Friday, May 09, 2008

More on Taxing Internet Sales

Yesterday, I linked to a post by Nathan Moore on the state of New York's attempt to collect sales taxes from Because the internet bookseller does not have a physical presence in the state, the collection attempts likely violate the interstate commerce provisions of the U.S. Constitution.

However, The Dallas Morning News reports that the raising of that issue has been noted in Texas, which has opened an investigation of whether the company should be collecting and paying sales taxes on shipments to Lone Star State residents due to the fact that it does have a physical presence here. Amazon opened a distribution center in Irving in 2006, but appears not to have been paying sales taxes.

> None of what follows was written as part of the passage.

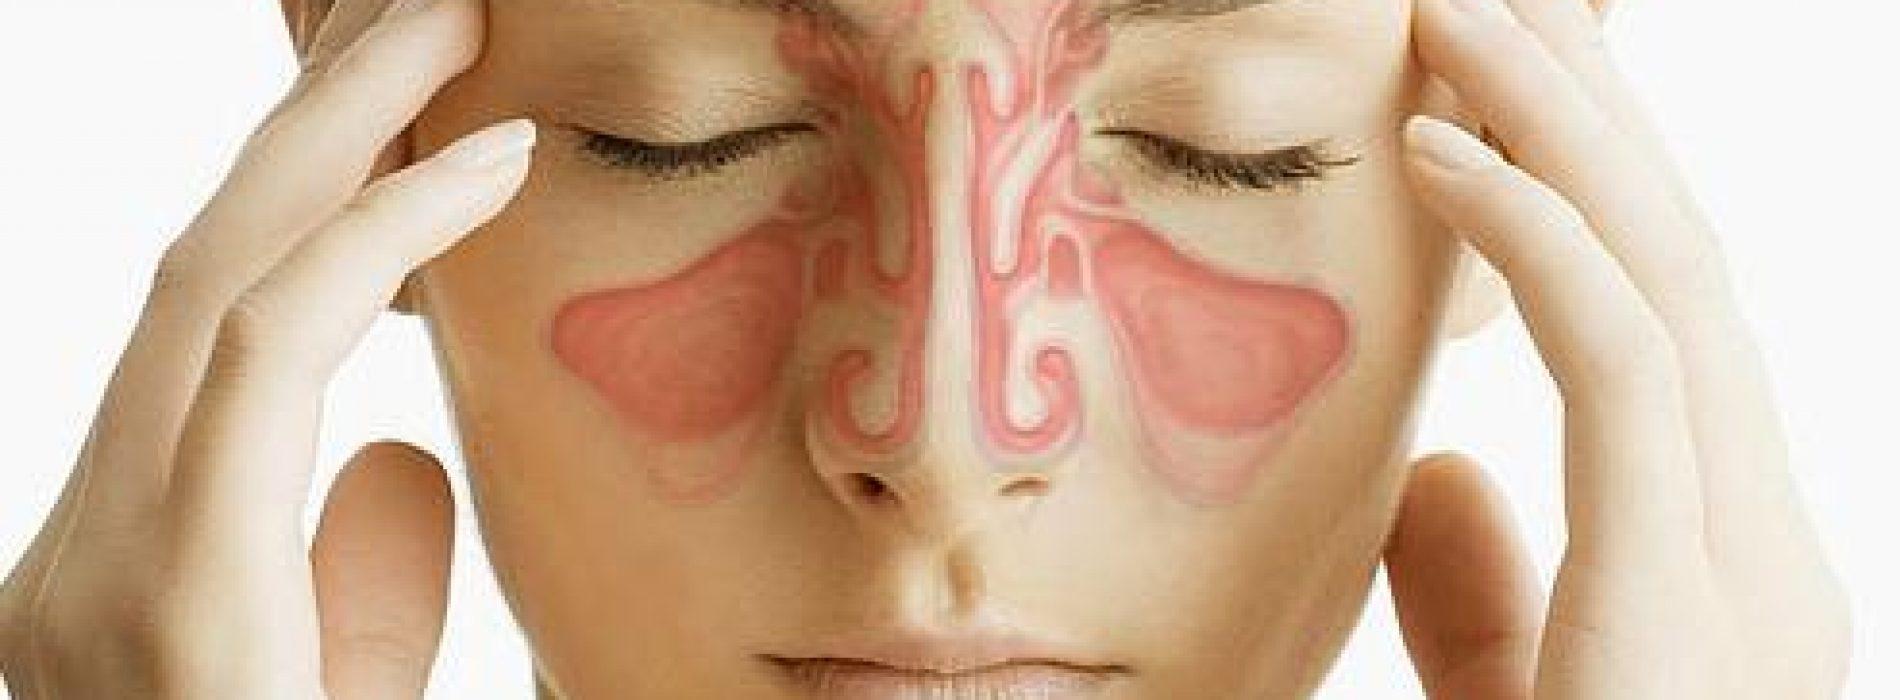 Met dit natuurlijke middeltje zal je voorhoofdholte ontsteking heel snel verdwijnen!

But this actually raises an interesting question. If Texas chooses to begin collecting these taxes, would it make financial sense for a business like Amazon to shut down its Texas location -- where a large population results in a large number of book sales and revenue, and move across the border to, say Oklahoma or Arkansas, so that it is having to charge the tax on a smaller number of orders. Obviously, having to collect the tax in Texas makes it less competitive versus another online bookseller without a physical presence here. It would seem to me that this would offer a great opportunity for states with smaller populations to attempt to recruit internet based businesses to their locales. Of course, the states would need the transportation infrastructure to make it economically feasible.